There are some problems when I change the code. Can you give me some advice?

tohinz commented 3 years ago

What are the problems?

FluppyBird commented 1 year ago

I had the same problem 3 days ago, and I used conda install pytorch==1.4.0 torchvision==0.5.0 cudatoolkit=10.1 -c pytorch to unexpectedly ran it.

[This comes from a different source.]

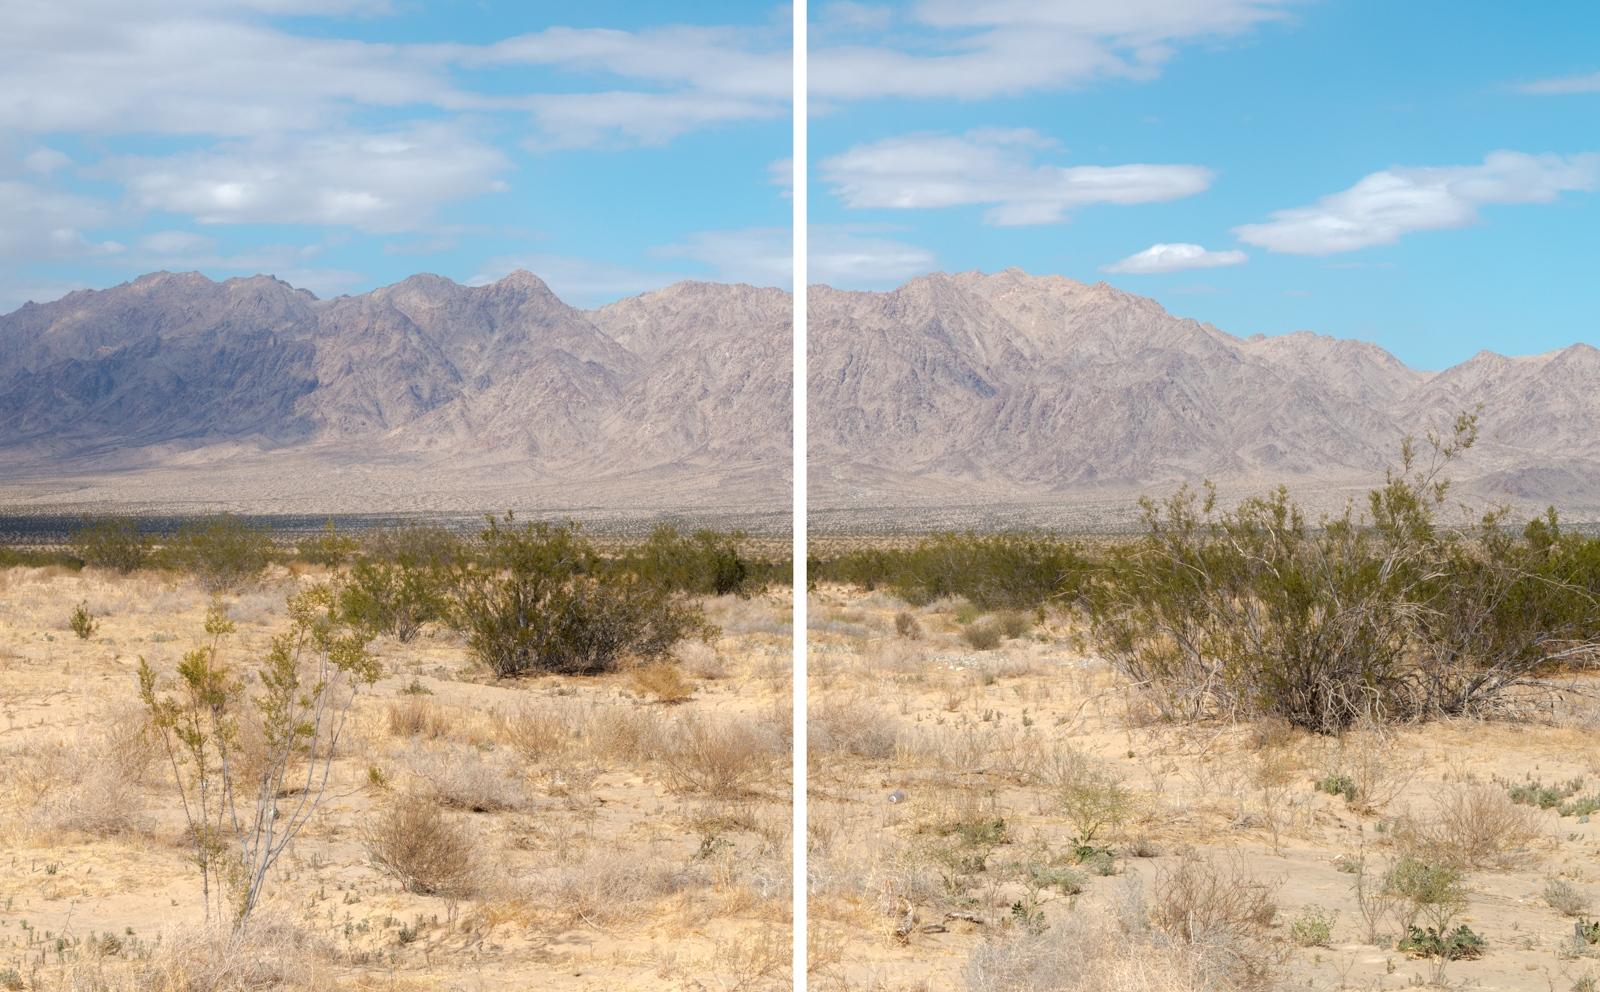 Art and Documentary Photography - Loading 2xcreosotelandscape-2.jpg

This vision of torch is the same as SinGAN, maybe you can try it. : )

LiJuanapple commented 2 months ago

Training model (TrainedModels/pantheon/2021_02_22_15_28_21_generation_train_depth_3_lr_scale_0.1_act_lrelu_0.05) Training model with the following parameters: number of stages: 6 number of concurrently trained stages: 3 learning rate scaling: 0.1 non-linearity: lrelu Training on image pyramid: [torch.Size([1, 3, 26, 42]), torch.Size([1, 3, 31, 51]), torch.Size([1, 3, 40, 66]), torch.Size([1, 3, 57, 94]), torch.Size([1, 3, 106, 175]), torch.Size([1, 3, 152, 250])]

stage [0/5]:: 0%| | 0/1000 [00:00<?, ?it/s]T raceback (most recent call last): File "main_train.py", line 118, in train(opt) File "G:\ConSinGAN\ConSinGAN\training_generation.py", line 48, in train fixed_noise, noise_amp, generator, d_curr = train_single_scale(d_curr, generator, reals, fixed_noise, noise_amp, opt, scale_num, writer) File "G:\ConSinGAN\ConSinGAN\training_generation.py", line 156, in train_single_scale gradient_penalty = functions.calc_gradient_penalty(netD, real, fake, opt.lambda_grad, opt.device) File "G:\ConSinGAN\ConSinGAN\functions.py", line 122, in calc_gradient_penalty create_graph=True, retain_graph=True, only_inputs=True)[0] File "D:\Anaconda3\envs\ConSinGAN\lib\site-packages\torch\autogradinit.py", line 149, in grad inputs, allow_unused) RuntimeError: cuDNN error: CUDNN_STATUS_EXECUTION_FAILED

I have met the same question. At last, how can you resolve the problem? Thank you very much for your sharing and guidance.